My husband would describe himself as non-sexist, a real supporter of women’s rights. He thinks the anti-abortion crowd are a bunch of wingnuts. But, true story, a few years ago we were having a disagreement. Our daughter, who was then a second grader, was very unhappy and bored in our awful rural Oklahoma school and asked to homeschool. This was something that she had been considering since kindergarten, but for one reason or another she decided to keep sticking it out. My husband wasn’t happy about the homeschooling idea, but after some discussion and thought, given that our community didn’t really offer any alternatives to public school and at the time I was unemployed, I decided to attempt it. Some months later we had a fight about it, and he said something that I’ll never forget. He told me that by ignoring his wishes I had ‘emasculated’ him. There are lots of other ways he could have expressed his disagreement, but that’s the word he used. So, when a man and a woman disagree, if the woman defies the man’s wishes and makes her own choice, he is emasculated? If the only choices are 1) agree with him and do what he wants or 2) disagree with him and do what you want, then any time you take choice 2, following your own instincts and doing what you believe to be right, you are taking something away from him. 

This is what systemic misogyny has given us – men who believe that when women exercise their agency, they are taking something away from men. And, so help us, we have women who believe that when women exercise their agency, they are losing something of value. The pressure to submit is there, every day, in our school yards and our media and our churches and our offices and even in our homes. Every woman alive has at some point just shut up or given up or compromised for the sake of keeping the peace. Misogyny doesn’t only reduce our paychecks or pressure us to go on a diet, it actually corrupts our personal relationships, the most intimate and personal parts of our lives. For some this erupts in violence or can even result in death, but even the most fortunate of us have found ourselves, at some point, staring at our partner in disbelief and absolute frustration, realizing that we’re not just arguing with our lovers, we’re arguing with thousands of years of a tradition that disrespects and dehumanizes us.

Once people worshiped the goddess and the god, the lady and the lord, the earth and the sun.
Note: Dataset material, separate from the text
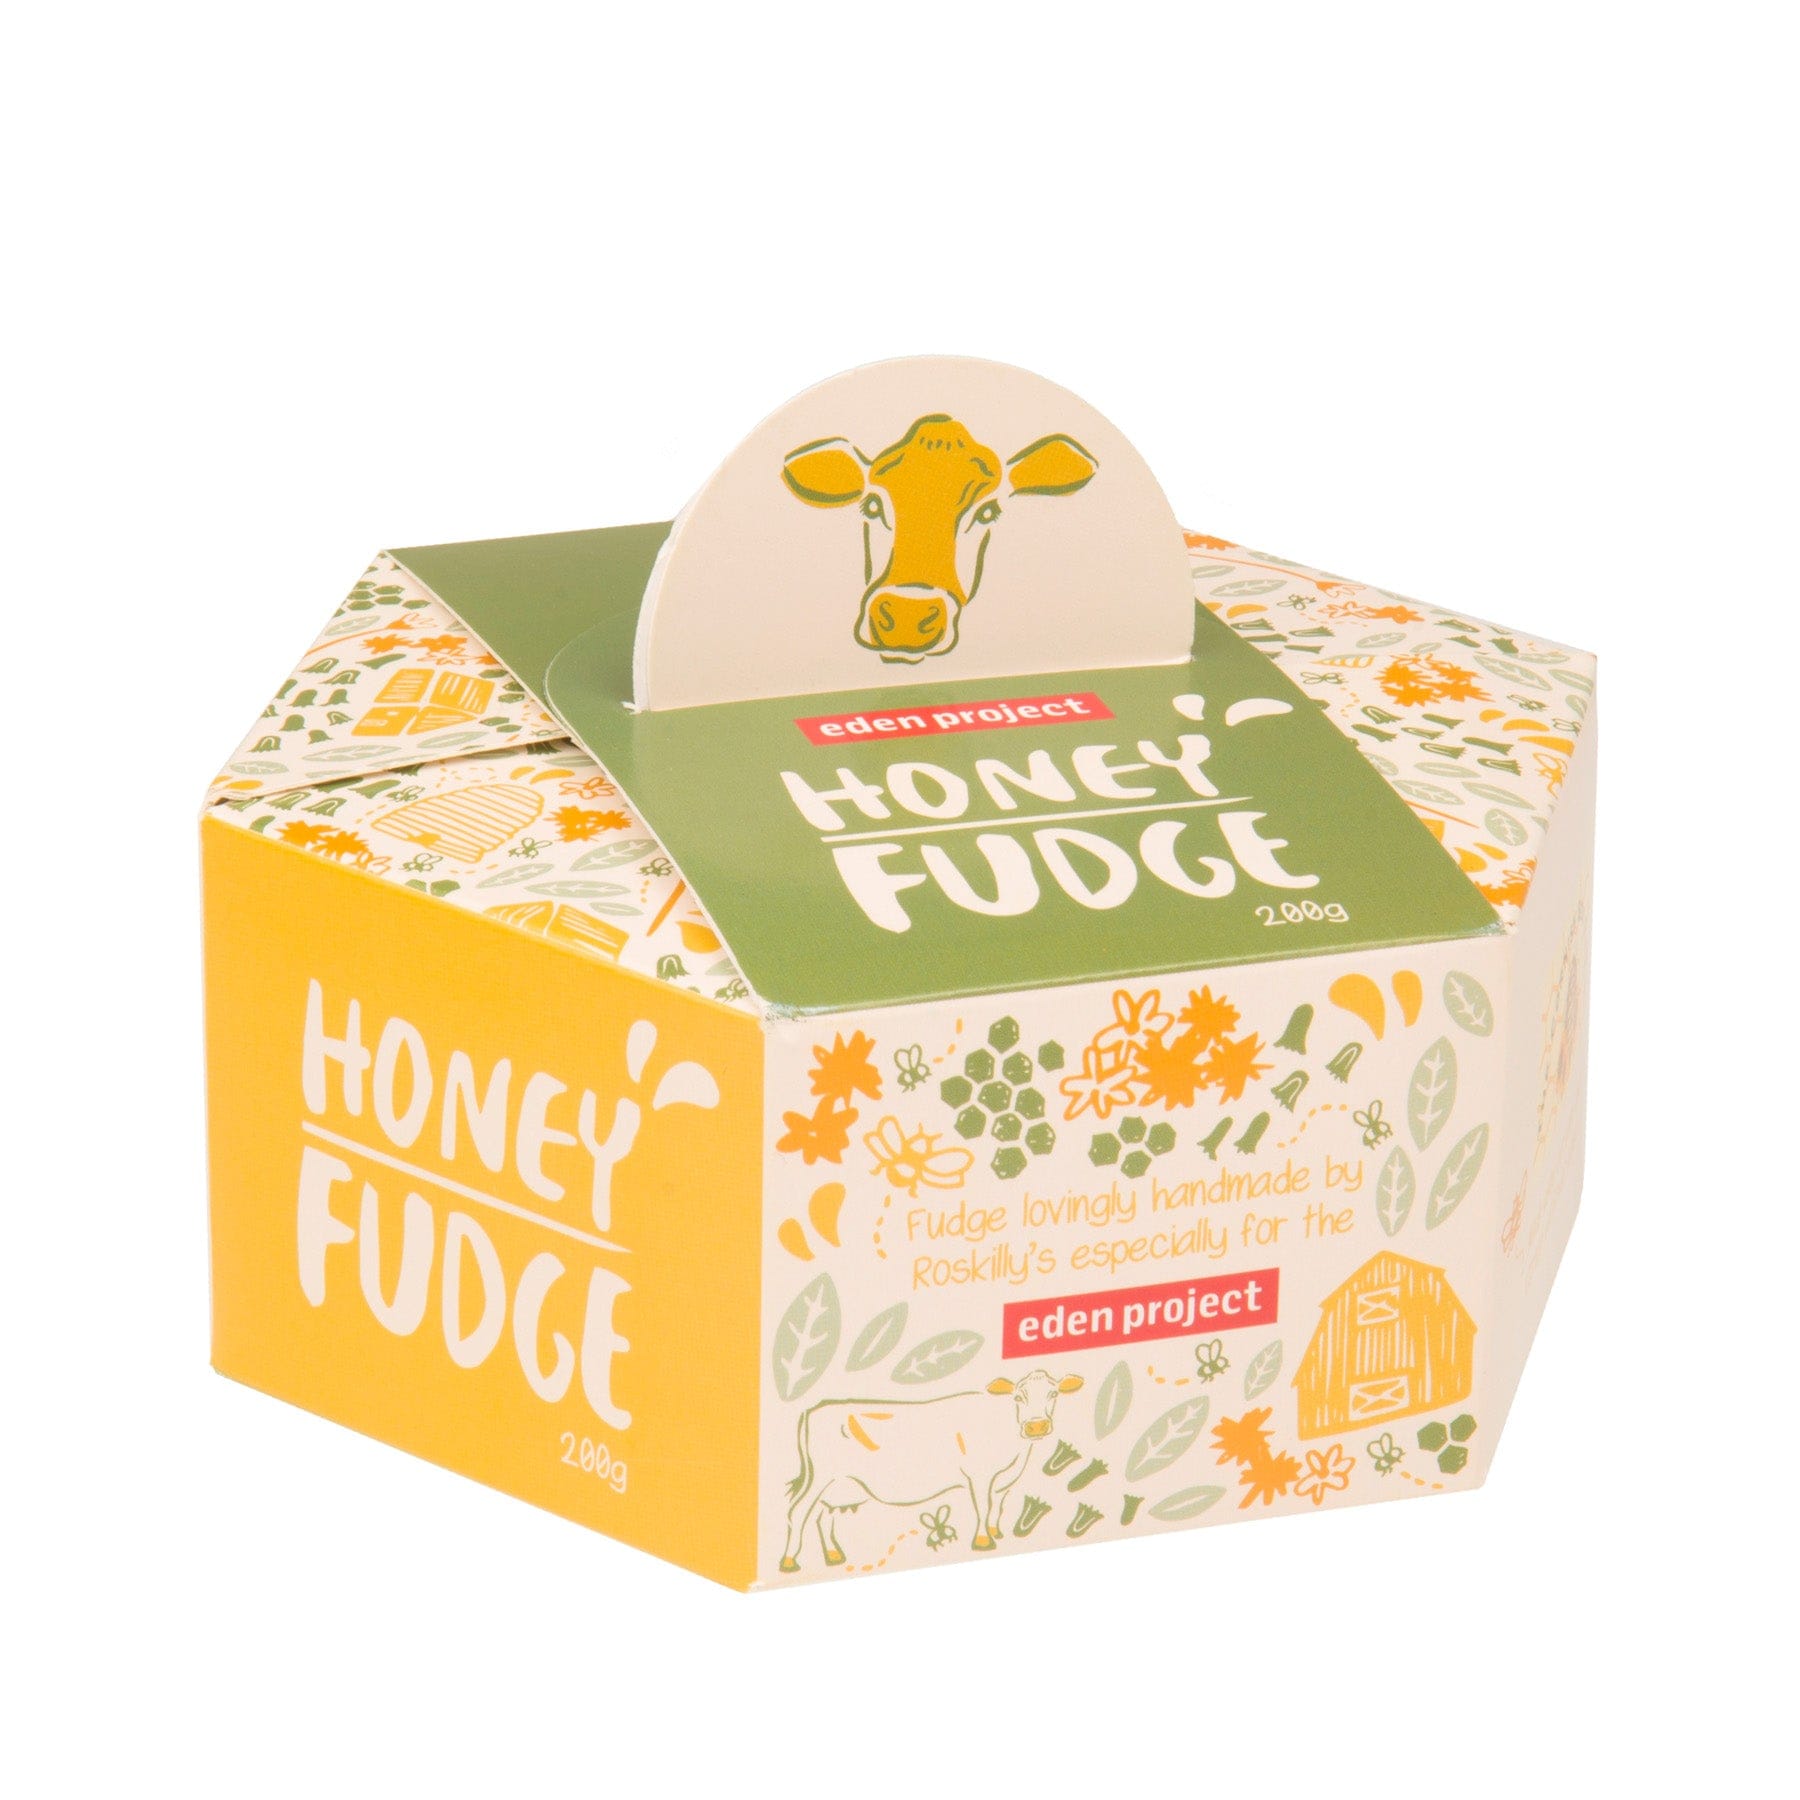 Cornish honey fudge 200g

The toxic triad of monotheism, Judaism, Islam, and Christianity, have robbed us of half of who we are. I am told by friends that I must respect their religion even if I don’t agree with them. This is rather like telling a black man that even if he disagrees with the Ku Klux Klan, he has to respect their philosophy as valid.  Your church has been at war with women for over 2000 years. My sisters are dying in this war. I’m not playing nice. I’m fighting back.